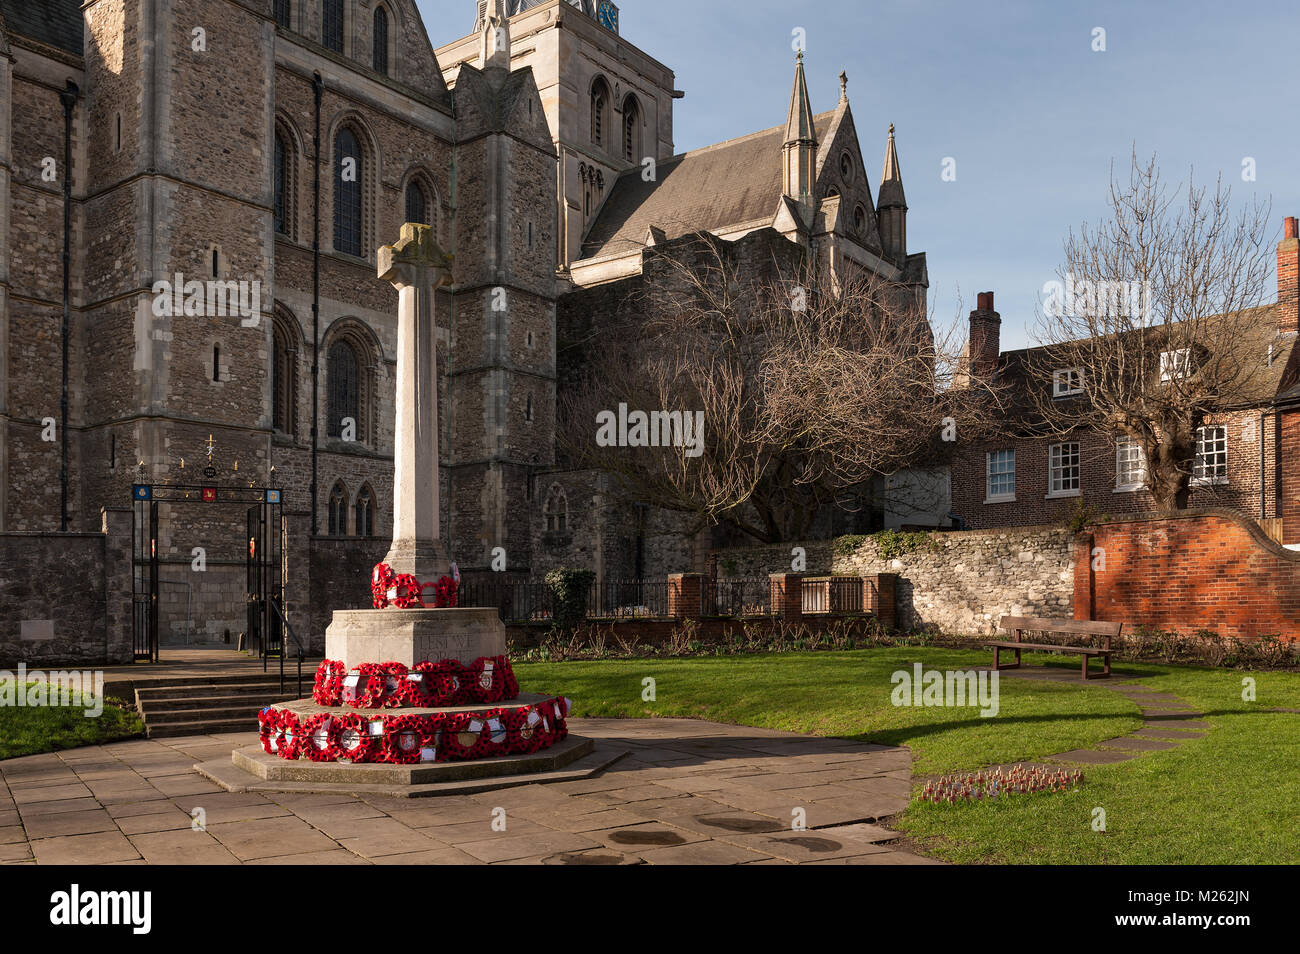 Remembrance Sunday, The Royal British Legion poppies still remain well kept and maintained in second oldest memorial garden, Rochester Cathedral 604AD Stock Photo
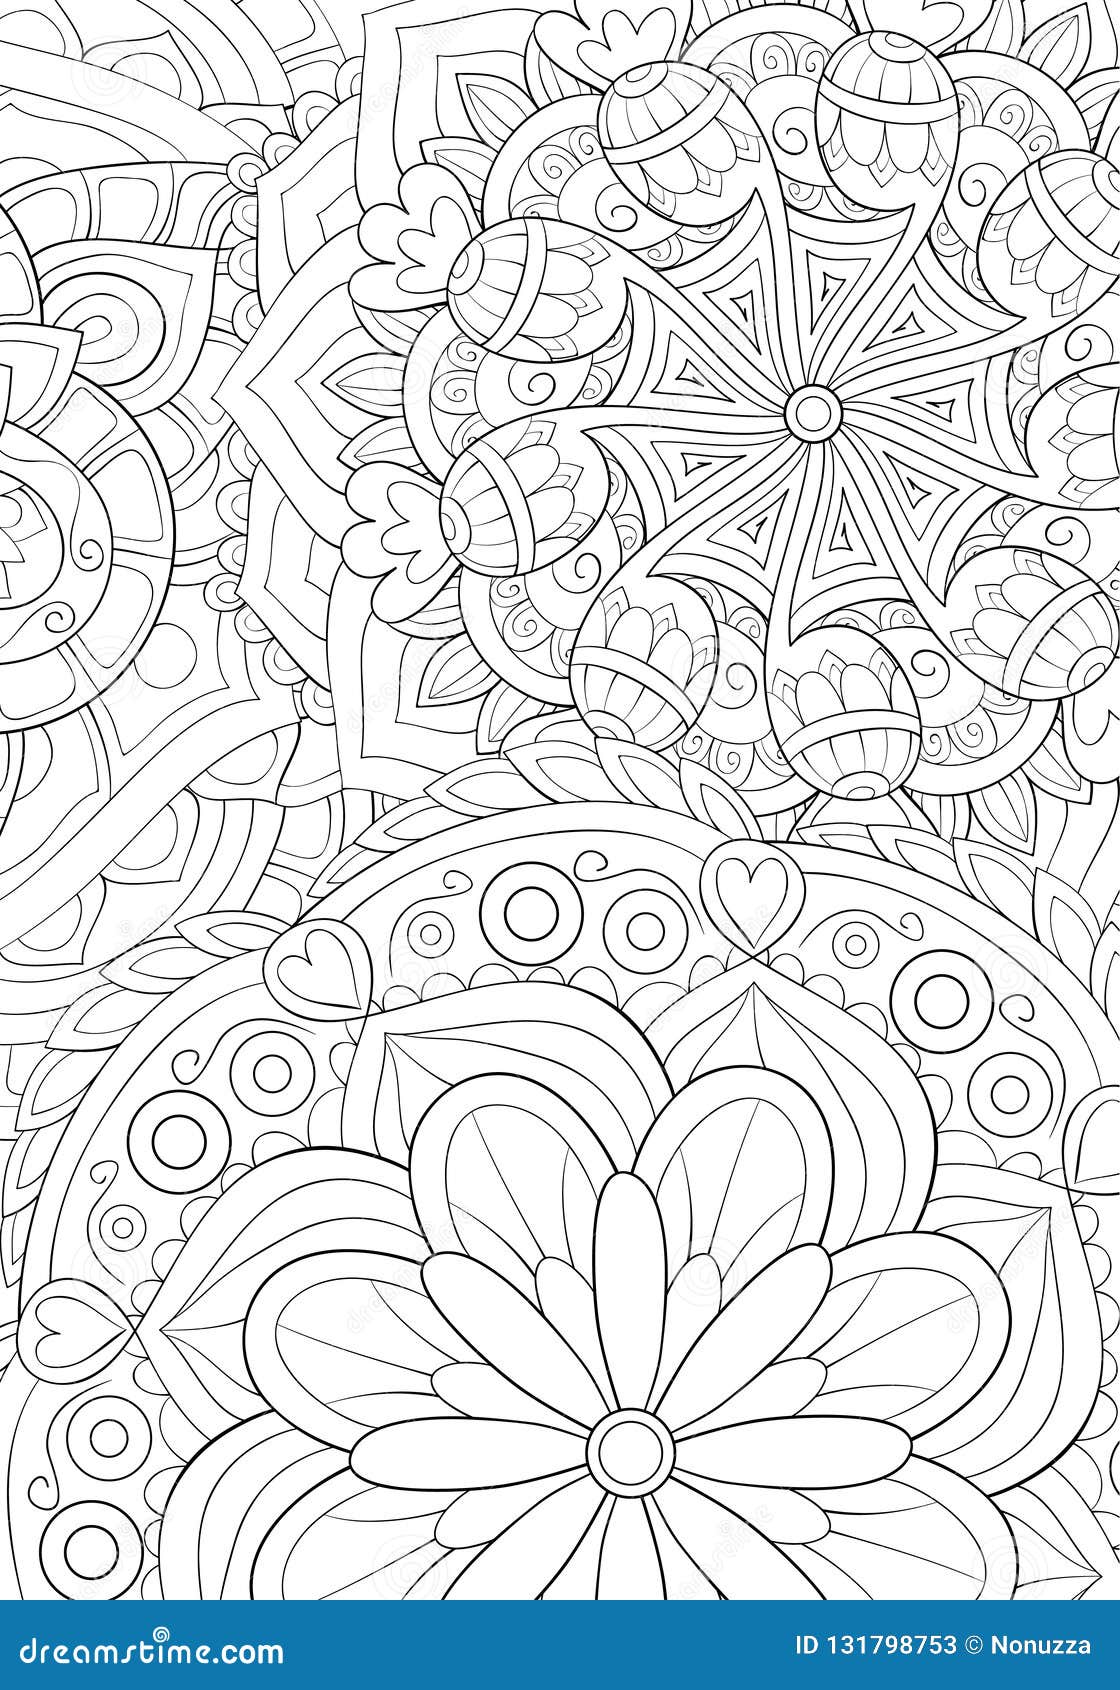 Adult Coloring Book,page a Zen Abstract Background for Relaxing ...
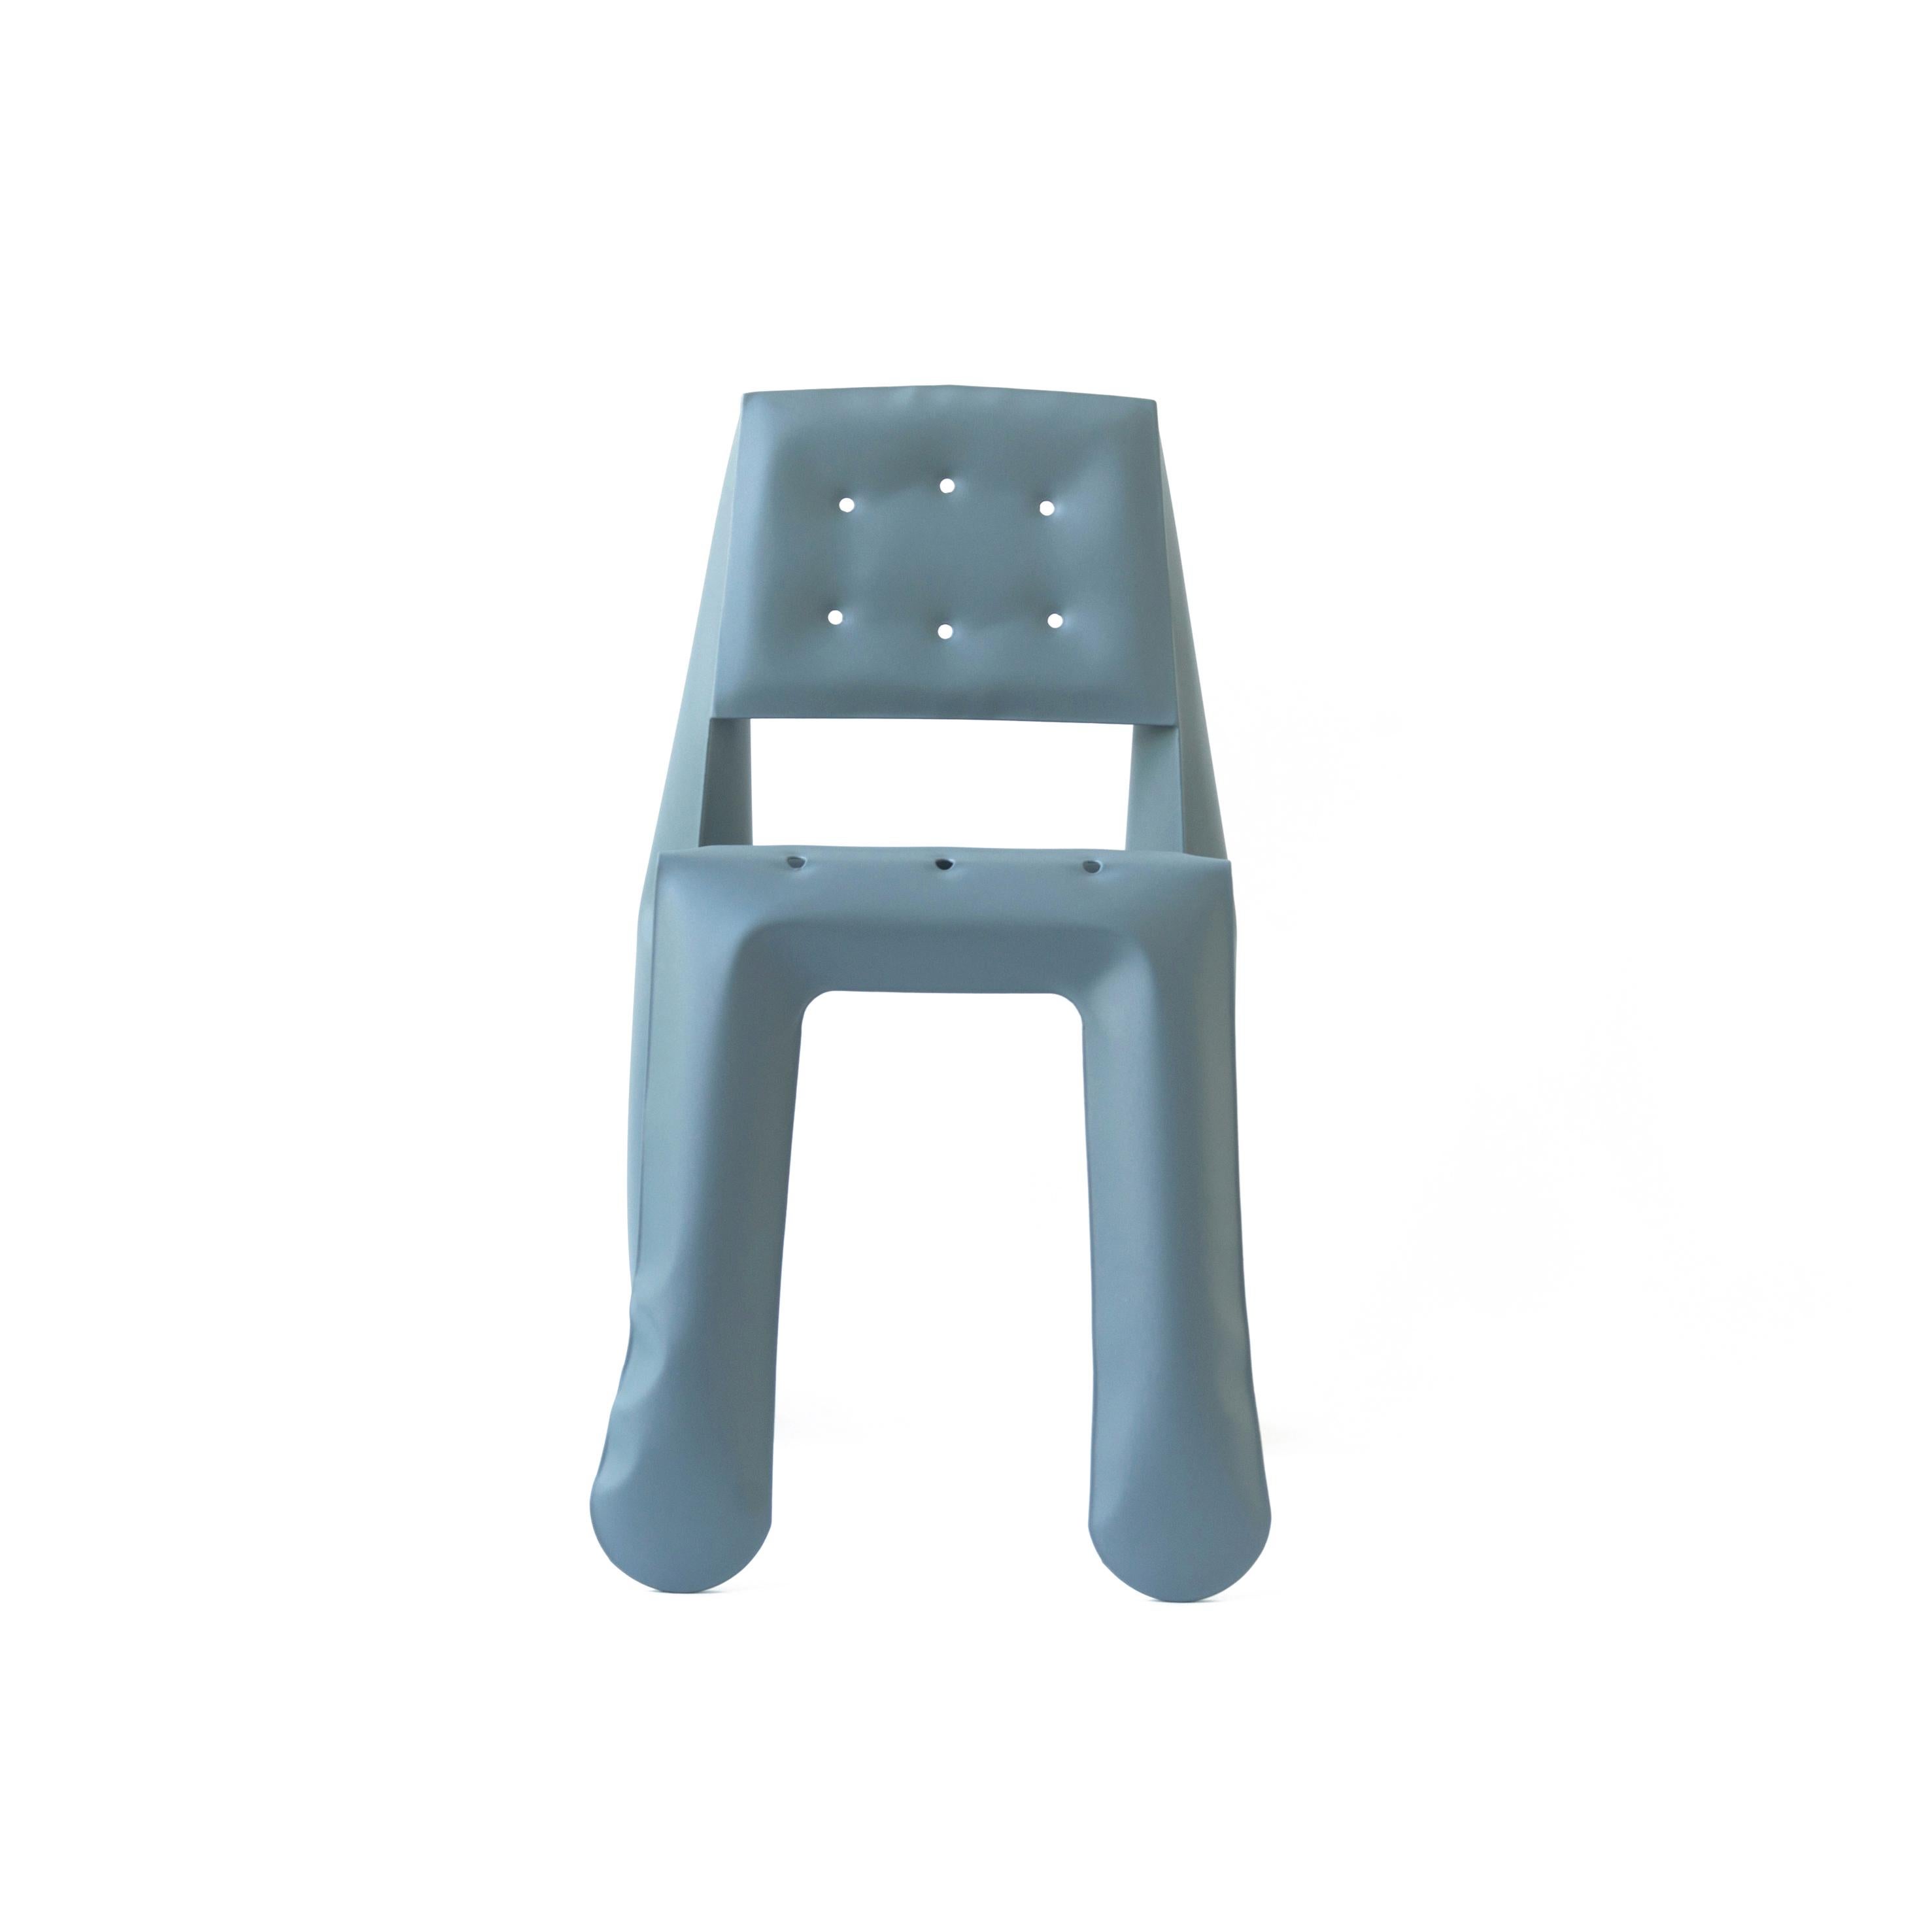 Blue Grey Aluminum Chippensteel 0.5 Sculptural Chair by Zieta
Dimensions: D 58 x W 46 x H 80 cm 
Material: Aluminum. 
Finish: Powder-coated. Matt finish. 
Available in colors: White matt, beige, black, blue-gray, graphite, moss-gray, and,
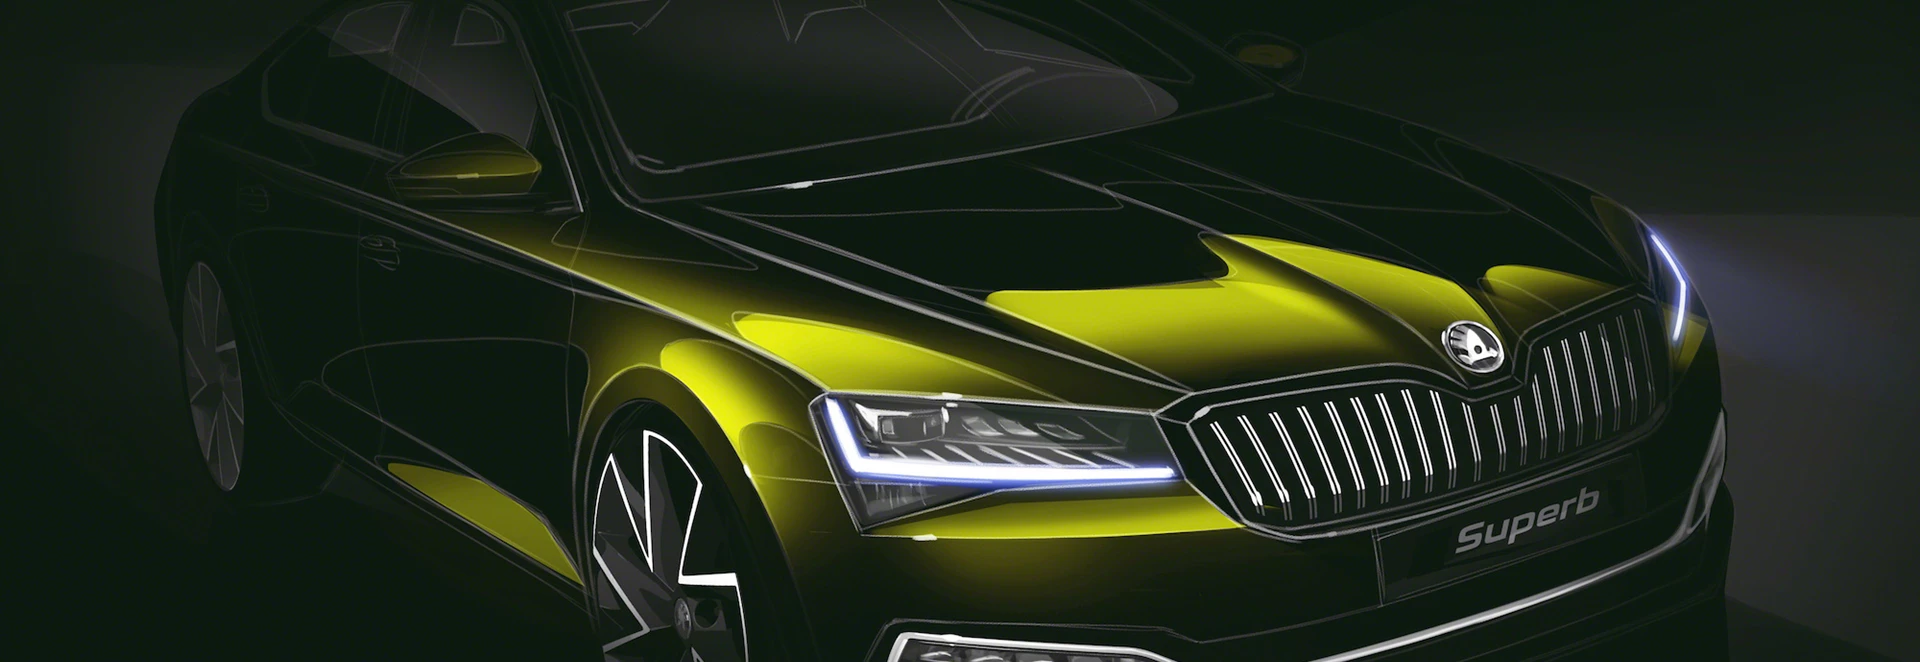 Facelifted Superb set to be the first Skoda to feature Matrix LED lighting

● **Brief**: Write out exactly the lines of the material above, starting with the first and finishing with the line that contains "Material: Aluminum.", without pictures.

● **Result for this exercise**:
 Remembrance Sunday, The Royal British Legion poppies still remain well kept and maintained in second oldest memorial garden, Rochester Cathedral 604AD Stock Photo
 Adult Coloring Book,page a Zen Abstract Background for Relaxing ...
 Blue Grey Aluminum Chippensteel 0.5 Sculptural Chair by Zieta
Dimensions: D 58 x W 46 x H 80 cm 
Material: Aluminum. 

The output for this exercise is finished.